Голос марсианина

Олег Васанта
       Иногда по вечерам мы с сестрой ходили к заброшенному старому колодцу слушать голос марсианина. Конечно же, мы знали, что на самом деле там - в таинственной черной глубине - никакого марсианина не было, но это было не так уж важно. Нас завораживала сама процедура.
       Мы обнаружили, что если как можно ниже склониться над этим неиспользуемым, давно высохшим колодцем и внимательно прислушаться, то через какое-то время можно будет разобрать загадочный шум, состоящий из щелчков, шипения и каких-то царапаний – шум, который доносился до тебя из темноты внизу и мог означать все, что угодно.
       Эти-то звуки мы и называли между собой голосом марсианина.

       Возвращаясь в наш небольшой домик, стоящий немного на отшибе, мы с Пэт, одержимые пылом первооткрывателей обсуждали его возможный облик, придумывая все новые яркие детали, и постепенно этот вымышленный марсианин, живущий в высохшем колодце, стал для нас почти реальной фигурой. Наверное, мы бы даже не слишком удивились, если бы однажды ночью, дверь, ведущая в детскую, неожиданно отворилась, и на пороге возник грозный силуэт, облаченный в древние боевые доспехи покрытые тонким налетом красноватого песка (так представлял его себе я) и обладающий пушистым серебристым хвостом (эту деталь добавила Пэт).
       Но ничего подобного не произошло. Вместо этого случилось нечто совсем другое: мы с родителями неожиданно переехали жить на новое место - место, которое находилось, как нам с Пэт тогда казалось, немыслимо далеко от прежнего дома, и где все наши старые фантазии с течением времени оказались забытыми.
       Или почти забытыми…
 
       После переезда началась совершенно иная жизнь. Мы поселились в просторном приземистом доме, окруженном со всех сторон бесконечными пшеничными полями. Недалеко от дома одиноко возвышалась пустующая ветряная мельница. Рядом находились хранилища для зерна и подсобные помещения. Никаких соседей здесь не было и в помине. До ближайшего небольшого городка нужно было добираться на машине почти что полдня. Да мы там практически и не бывали. Разве только в канун больших праздников. В общем, это было очень уединенное место.
       Первое время мы с Пэт часто спрашивали родителей - в чем же были причины такого поспешного переезда и столь странного выбора жилья, но удовлетворившего бы нас ответа так и не получили.

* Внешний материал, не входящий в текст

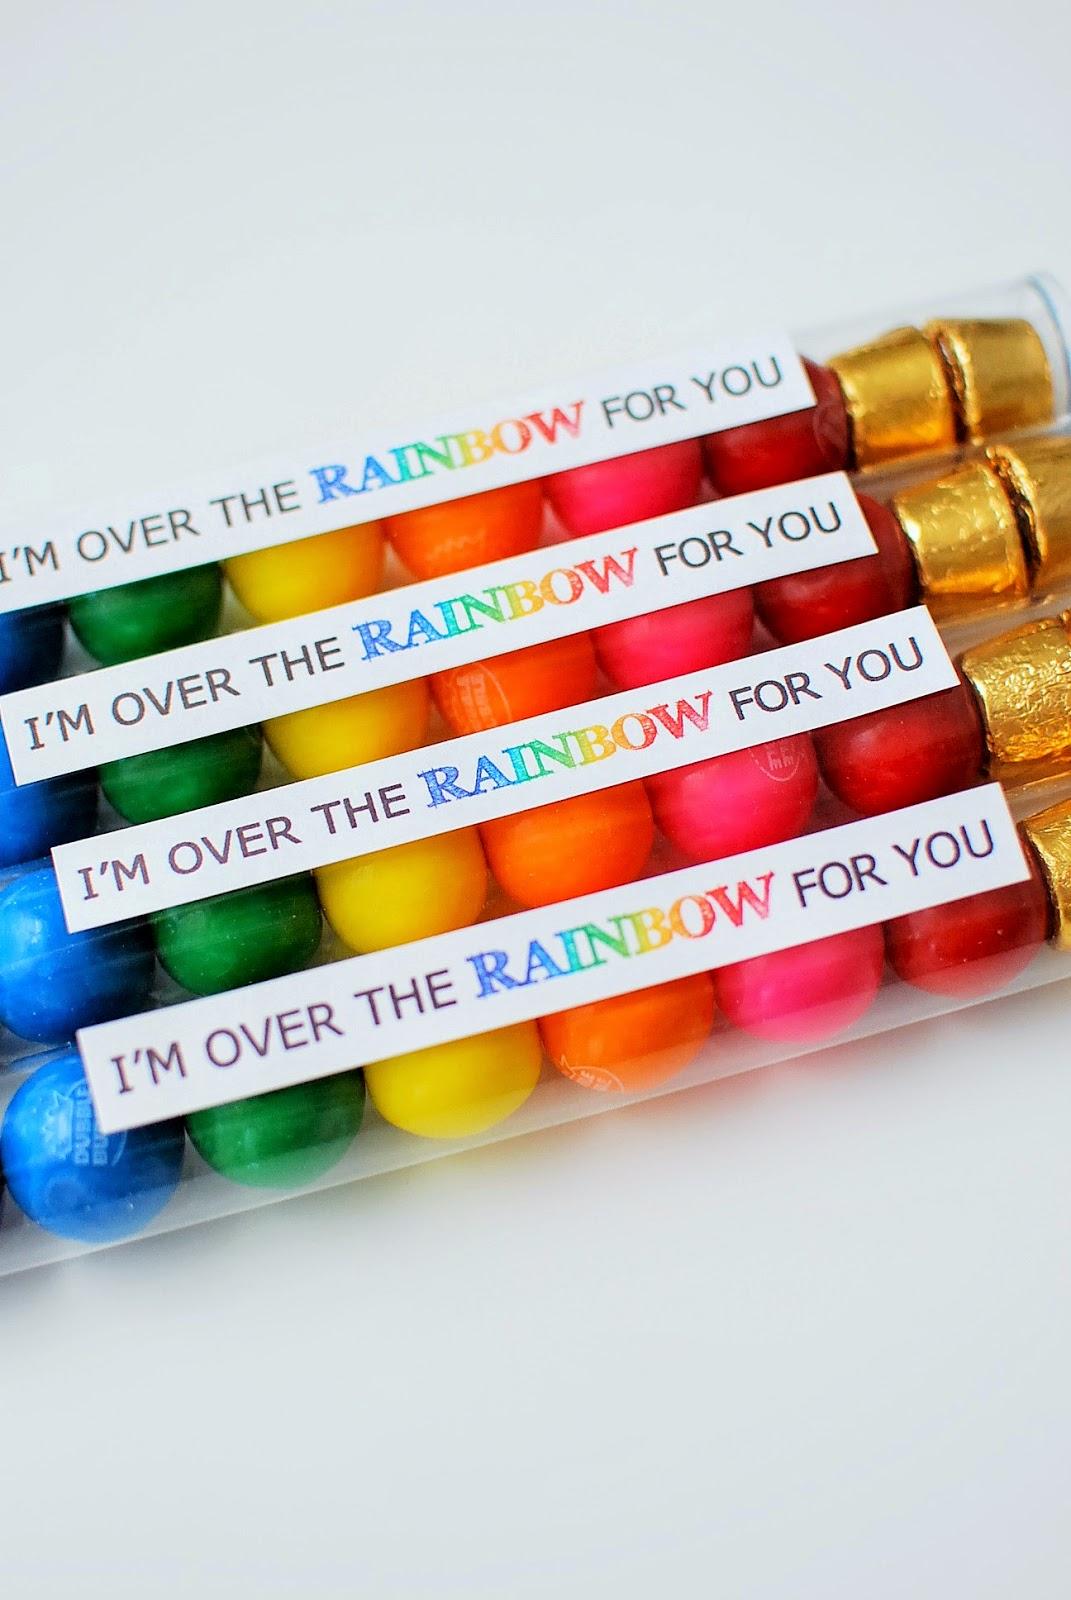 http://3.bp.blogspot.com/-chv6SA1xvag/VPiiibXAj-I/AAAAAAAAN74/5FdK8eldKkI/s1600/rainbow-patrick-flag%2B(2).JPG
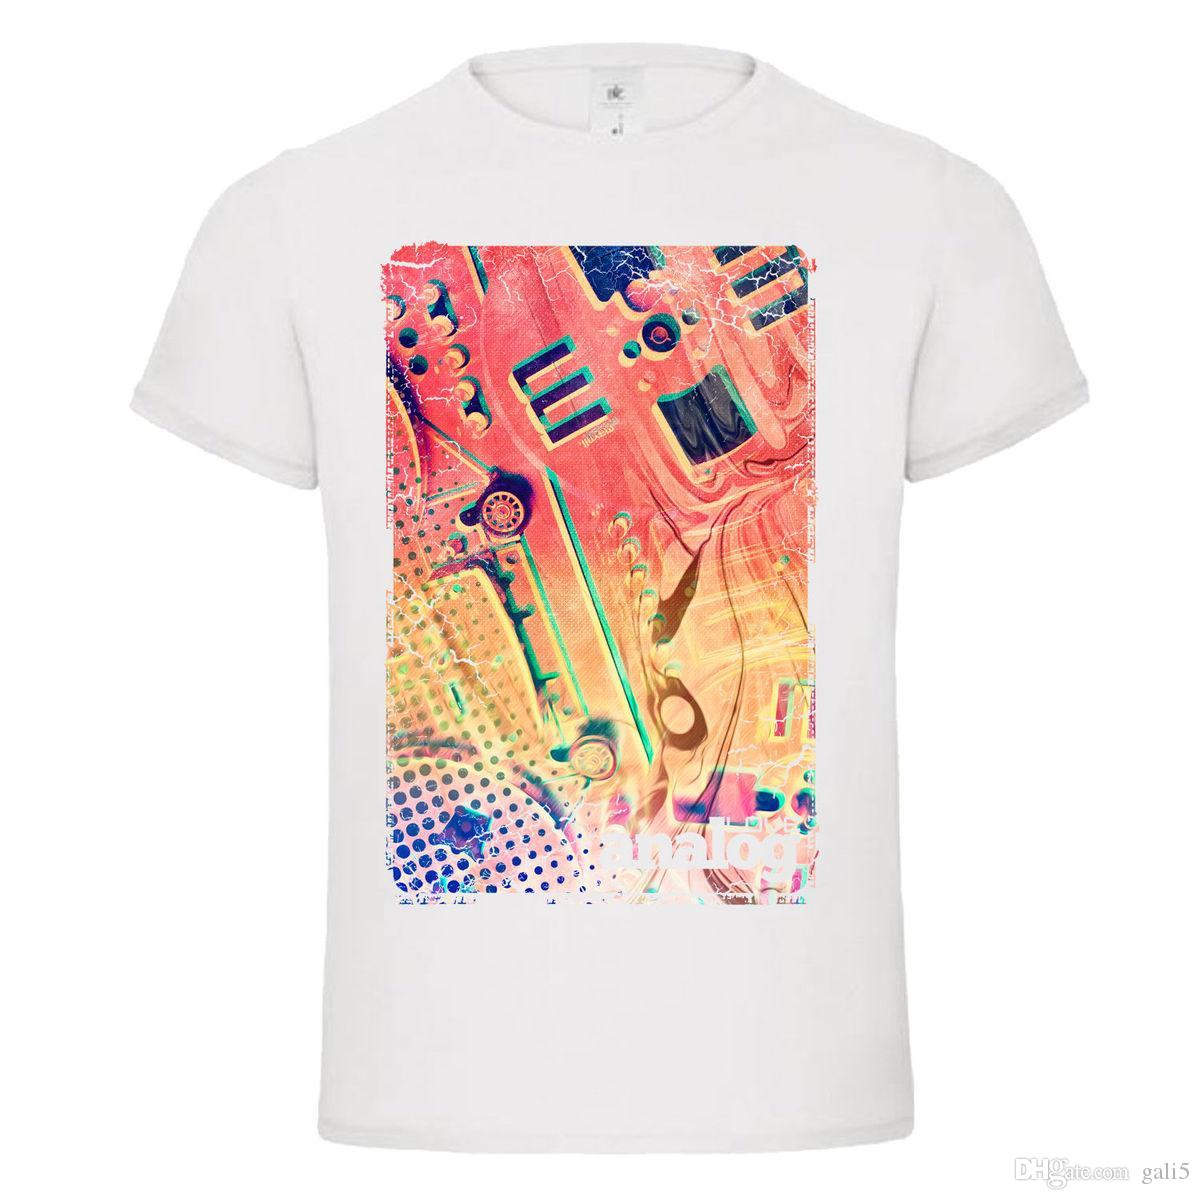 a724ea038 I Love The 80s T Shirt Size 20 | Azərbaycan Dillər Universiteti

В конце концов, мы просто перестали задавать эти вопросы, постепенно, все больше привыкая к новому месту…
       

       Но ведь иногда бывает и так, что ответы находят тебя даже после того, как ты уже почти успел позабыть свои вопросы. Так произошло и с нами. Дни тянулись один за другим, не принося с собой ничего необычного, до тех пор, пока в моей жизни не случилось одно не слишком примечательное, на первый взгляд, событие, однако послужившие поворотным пунктом для всего остального.

       Однажды вечером, вернувшийся к ужину после длинного, проведенного в поле дня, должно быть уставший, но как всегда заулыбавшийся при виде нас с Пэт, отец, спросил хотим ли мы все еще, так же как и раньше, вернуться домой?
       Мы единодушно ответили, что, конечно же, хотим – к чему вопросы? Тогда он улыбнулся нам своей особой улыбкой, означавшей, что сейчас он скажет что-то действительно важное, и произнес, показавшуюся мне весьма странной фразу…
       Он сказал, что для того чтобы действительно вернуться когда-нибудь домой надо обязательно знать, кем мы являемся на самом деле - знать самую свою суть…
       «Каждый должен узнать свою истинную суть, и тогда рано или поздно это обязательно случится – вы попадете домой», - повторил он еще раз, перед тем как пожелать нам с Пэт спокойной ночи…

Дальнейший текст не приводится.